- **Given data**

● ● ● ● ●

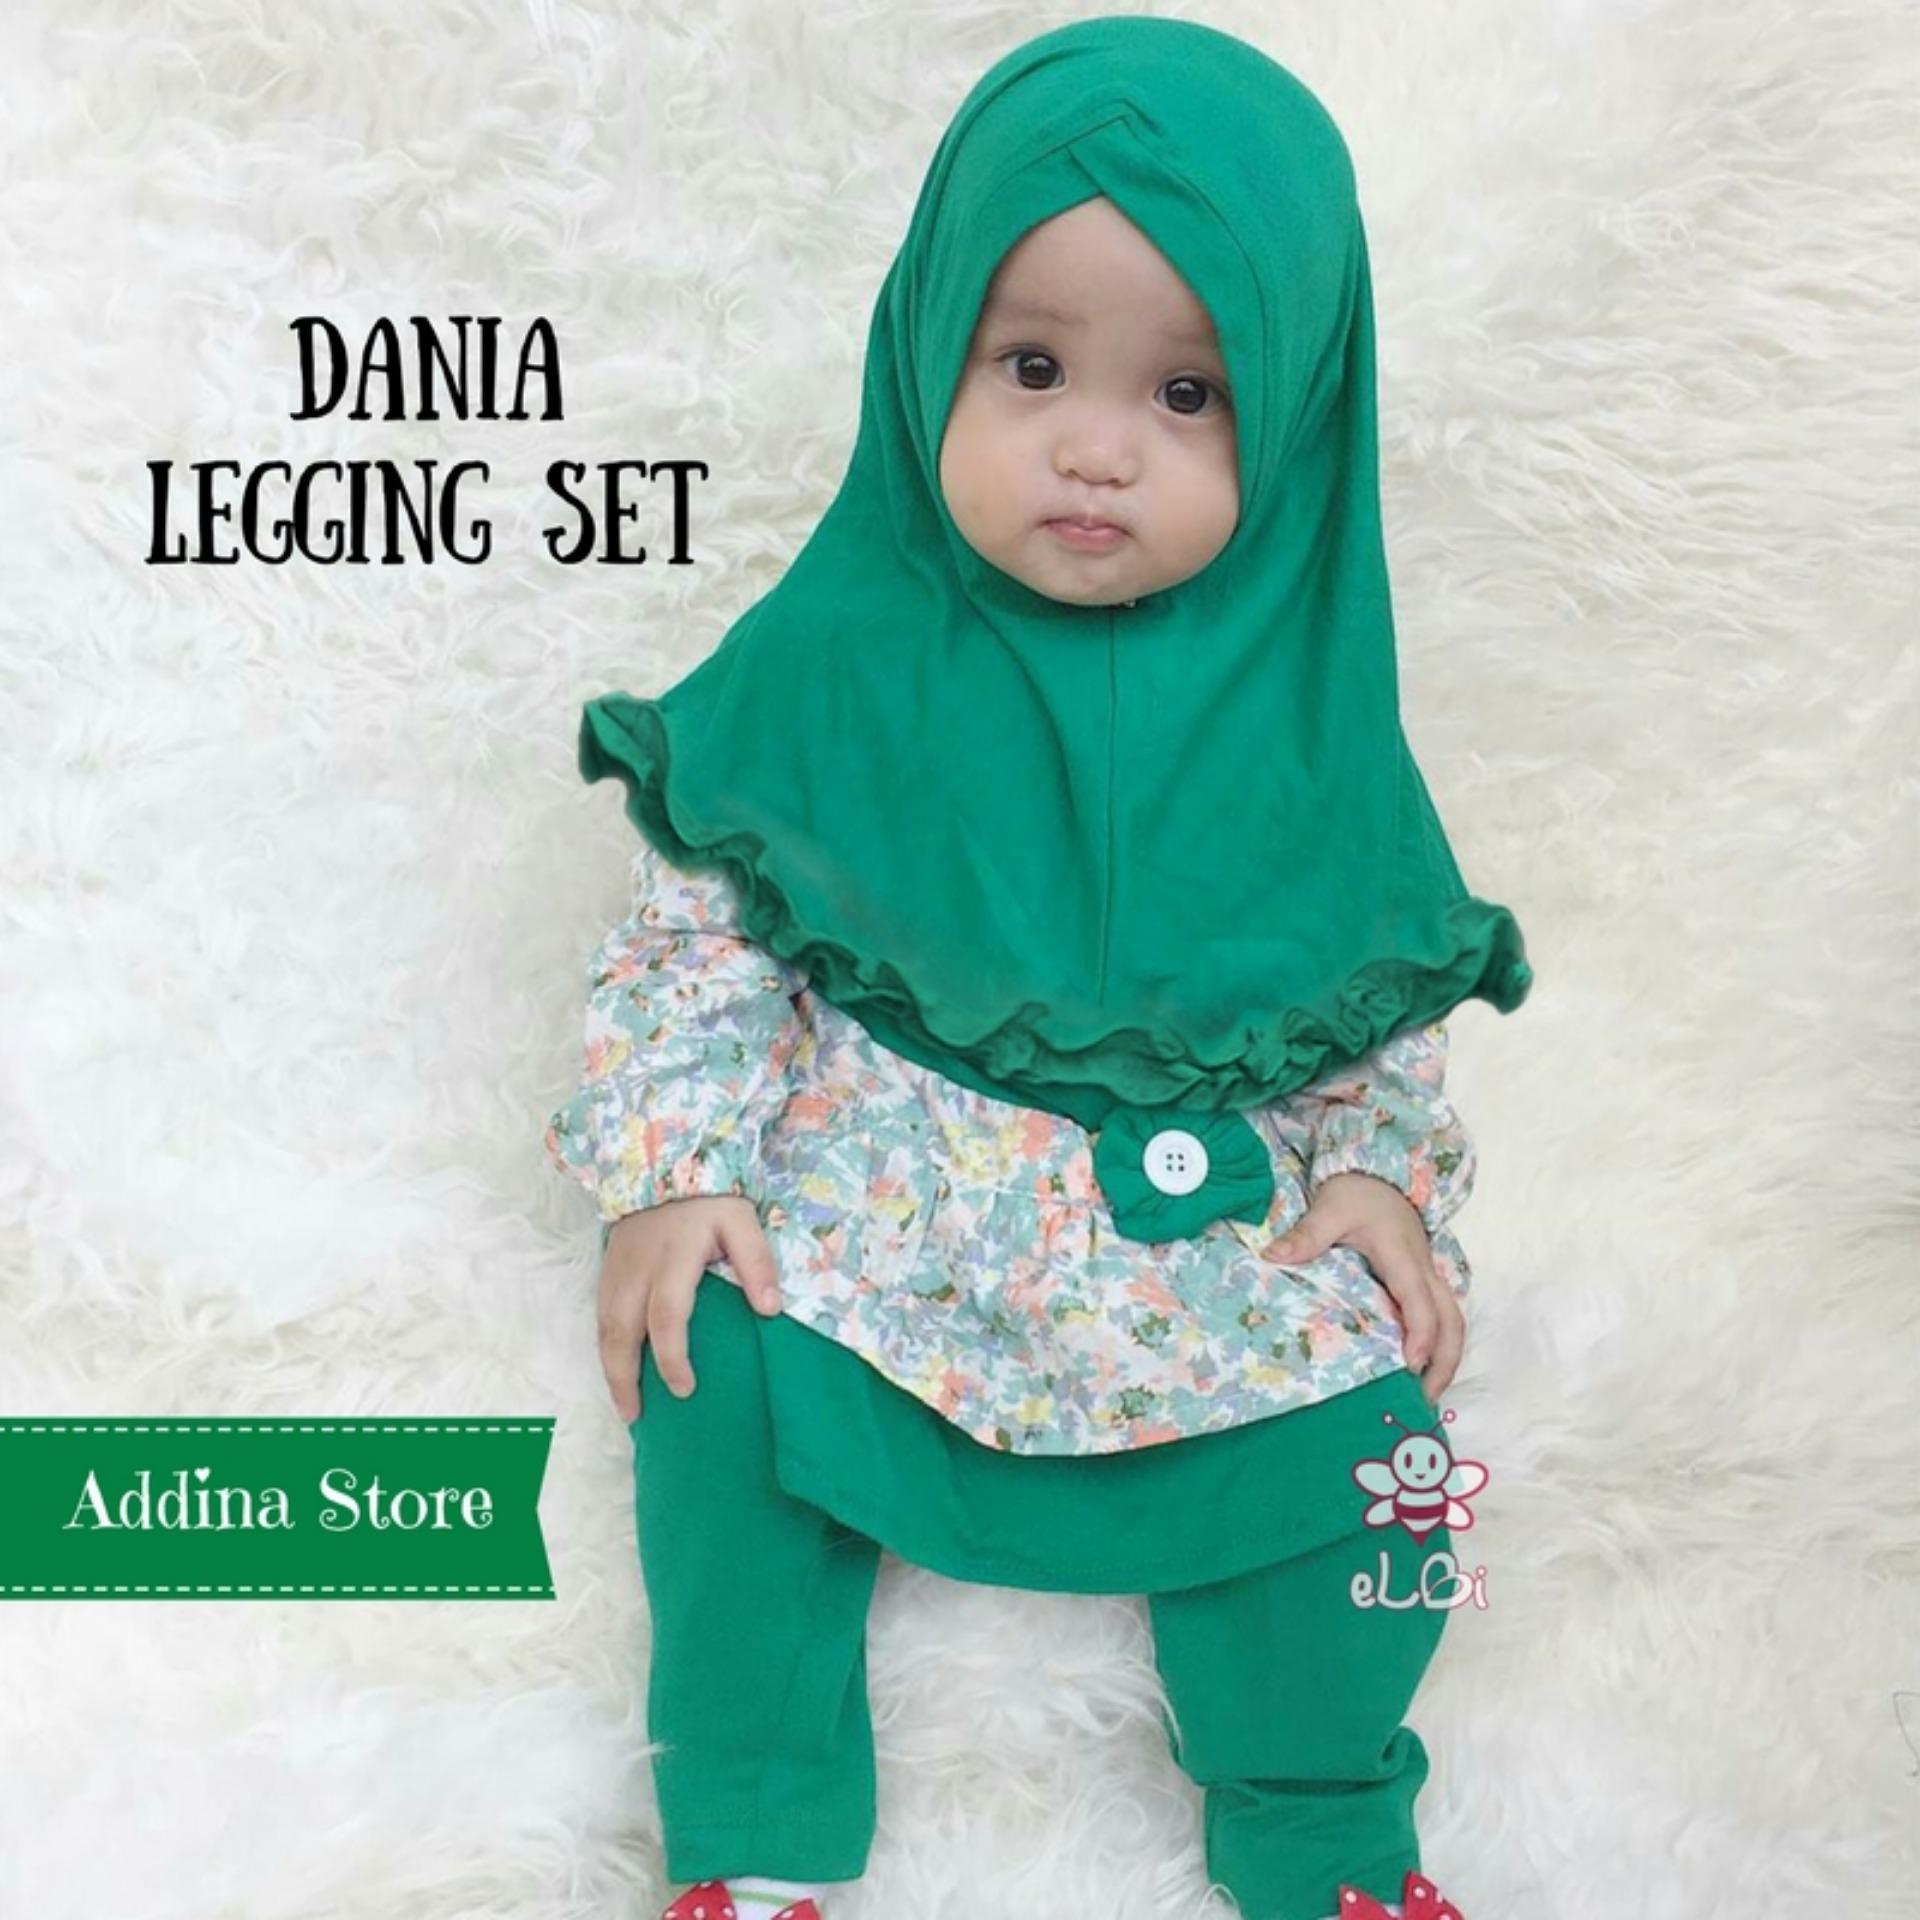 Elbi Dania Legging Set / Baju Anak / Baju Anak Perempuan / Baju Anak Perempuan Muslim / Baju Anak Perempuan Murah / Addina Store
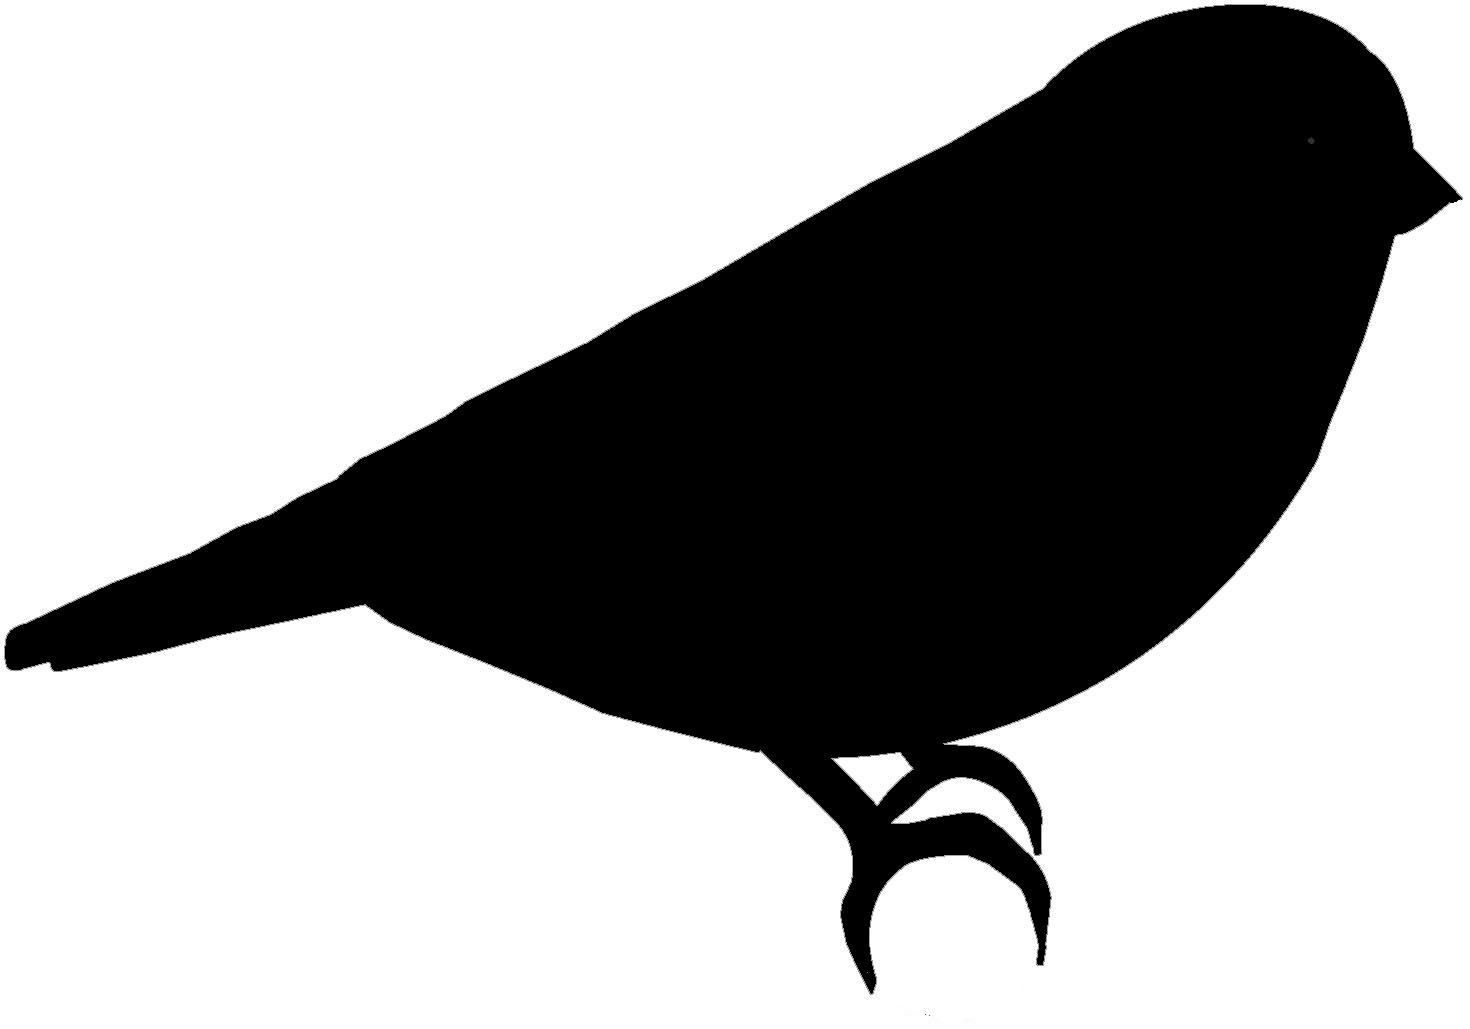 1470x1029 Best Photos Of Simple Bird Silhouette
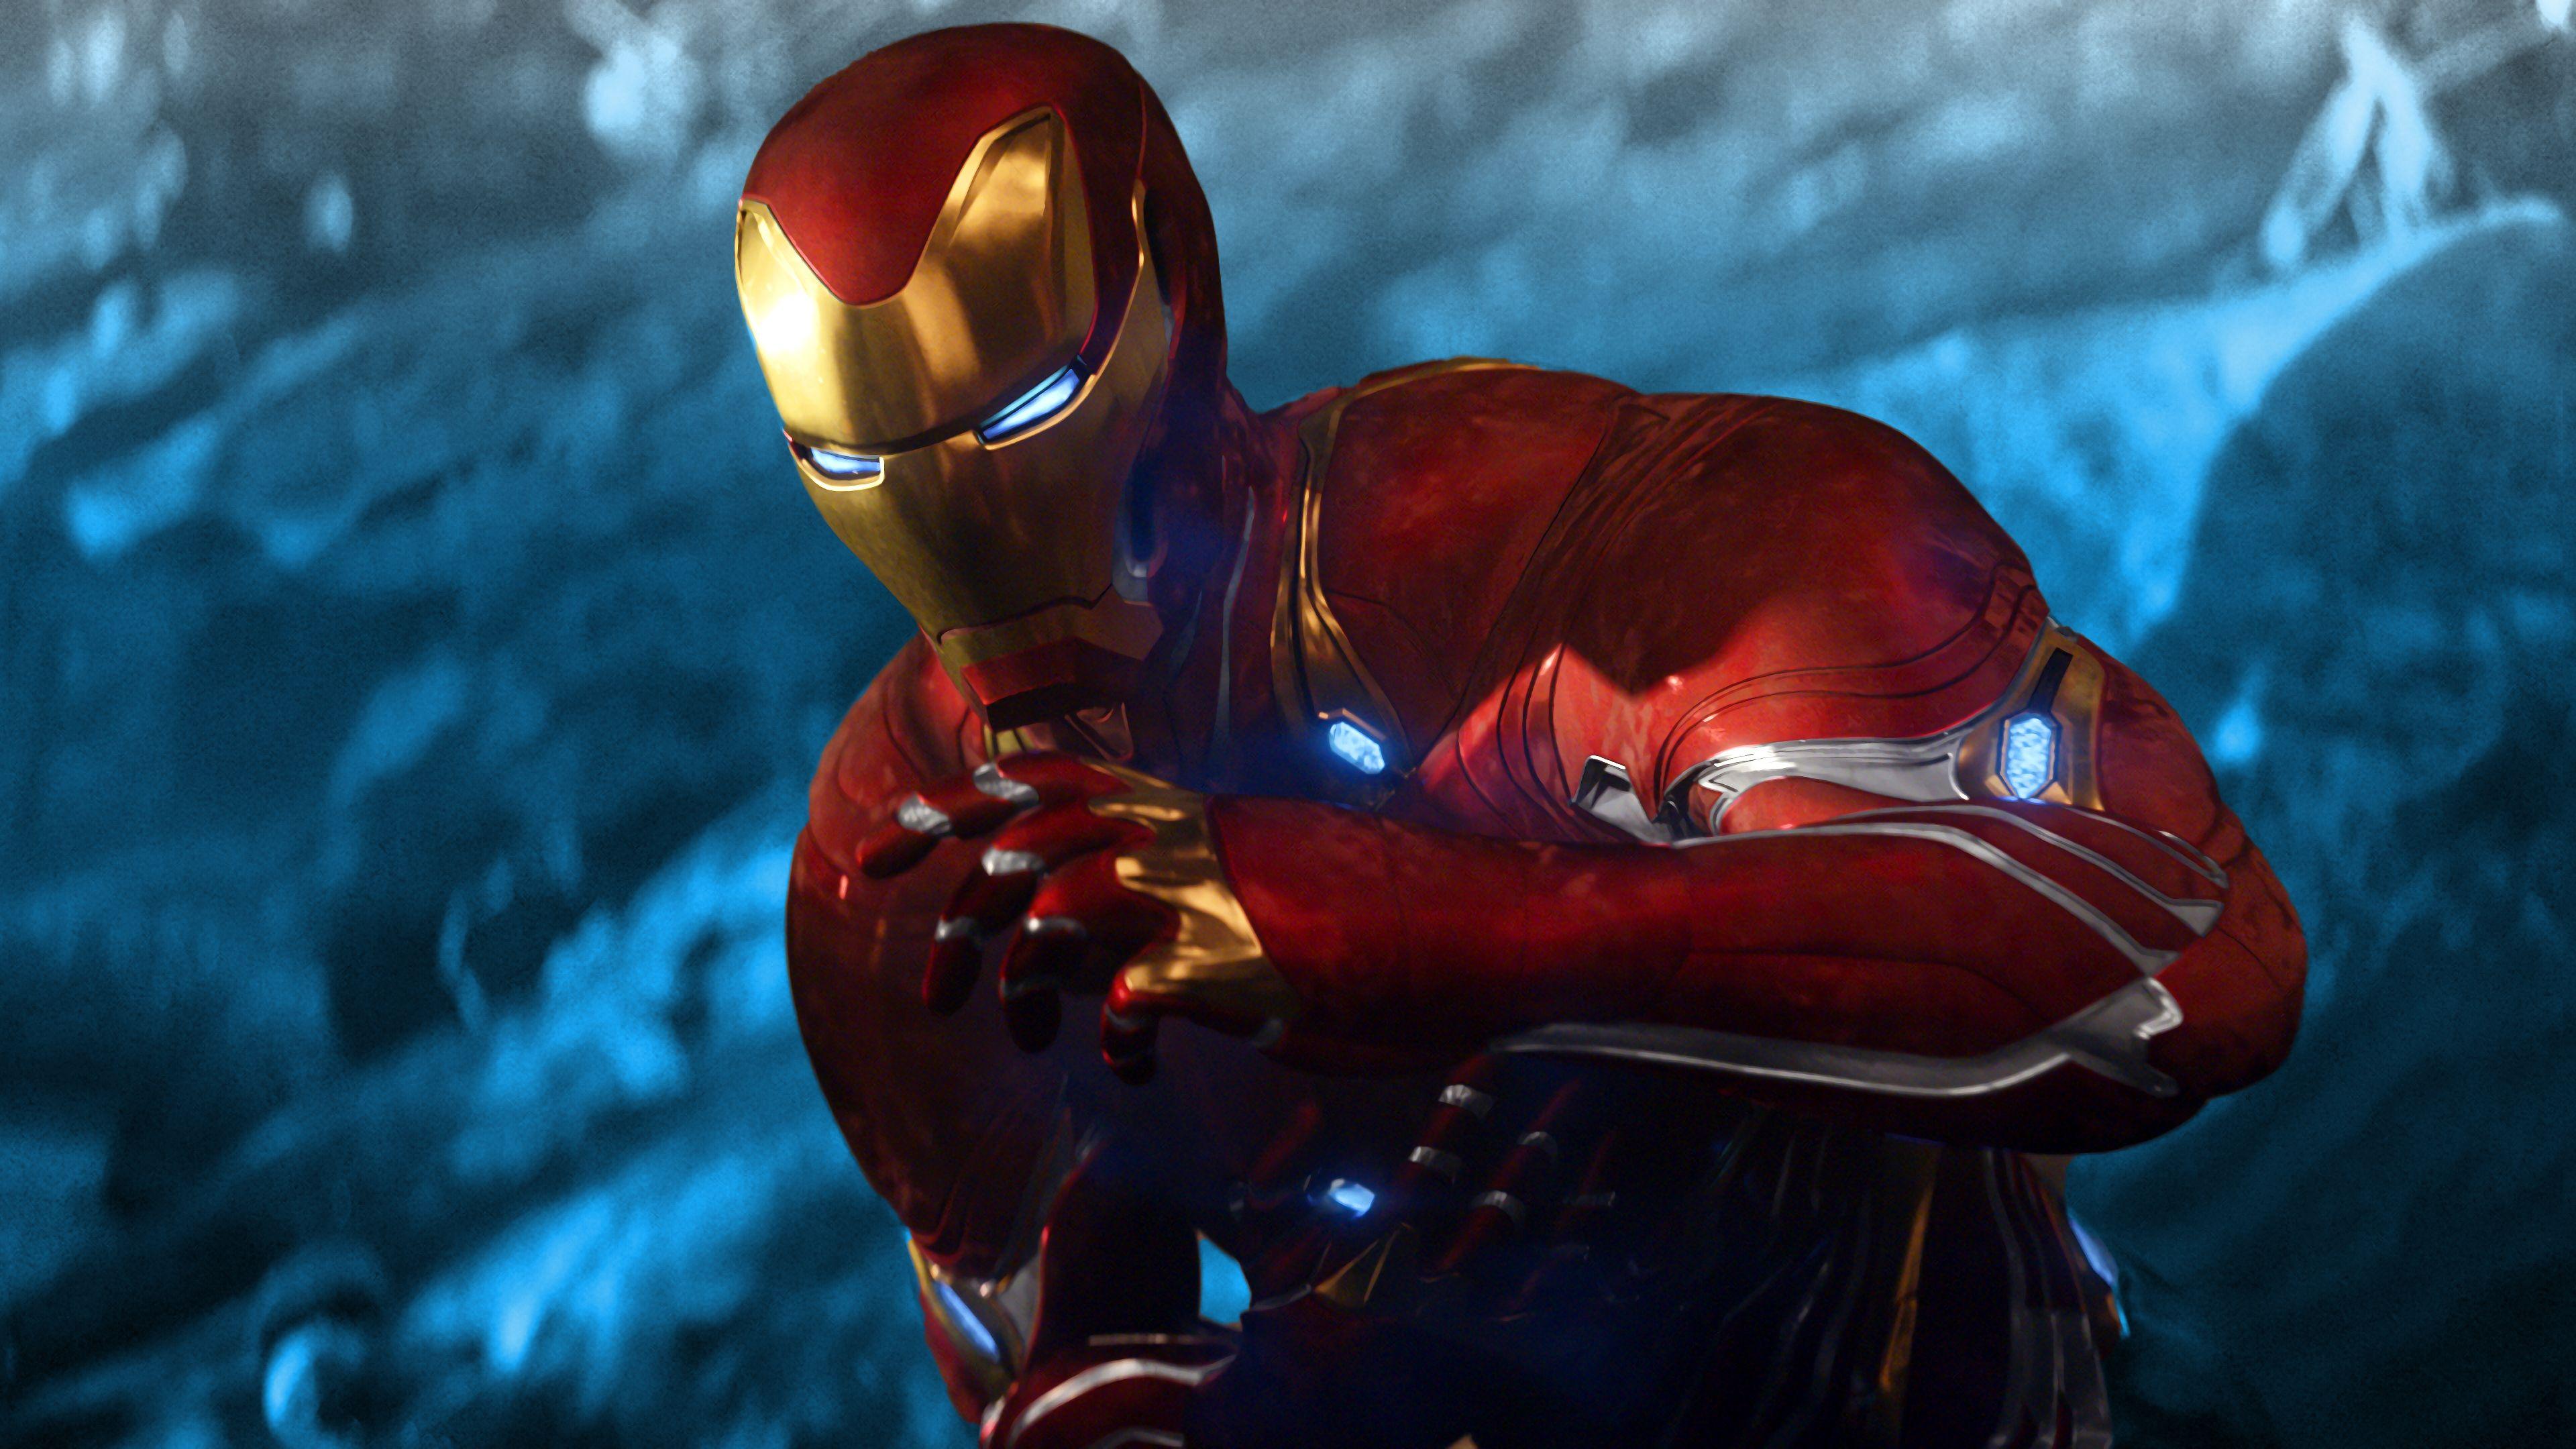 Iron Man Infinity War 4k superheroes wallpapers, iron man

● ● ● ● ●

- **Goal of the exercise**
Exactly as written, restate the lines from the one that contains "1470x1029 Best Photos" through the final line of the data, both ends included, but leave out the pictures.

- **Reply**
 1470x1029 Best Photos Of Simple Bird Silhouette
 Iron Man Infinity War 4k superheroes wallpapers, iron man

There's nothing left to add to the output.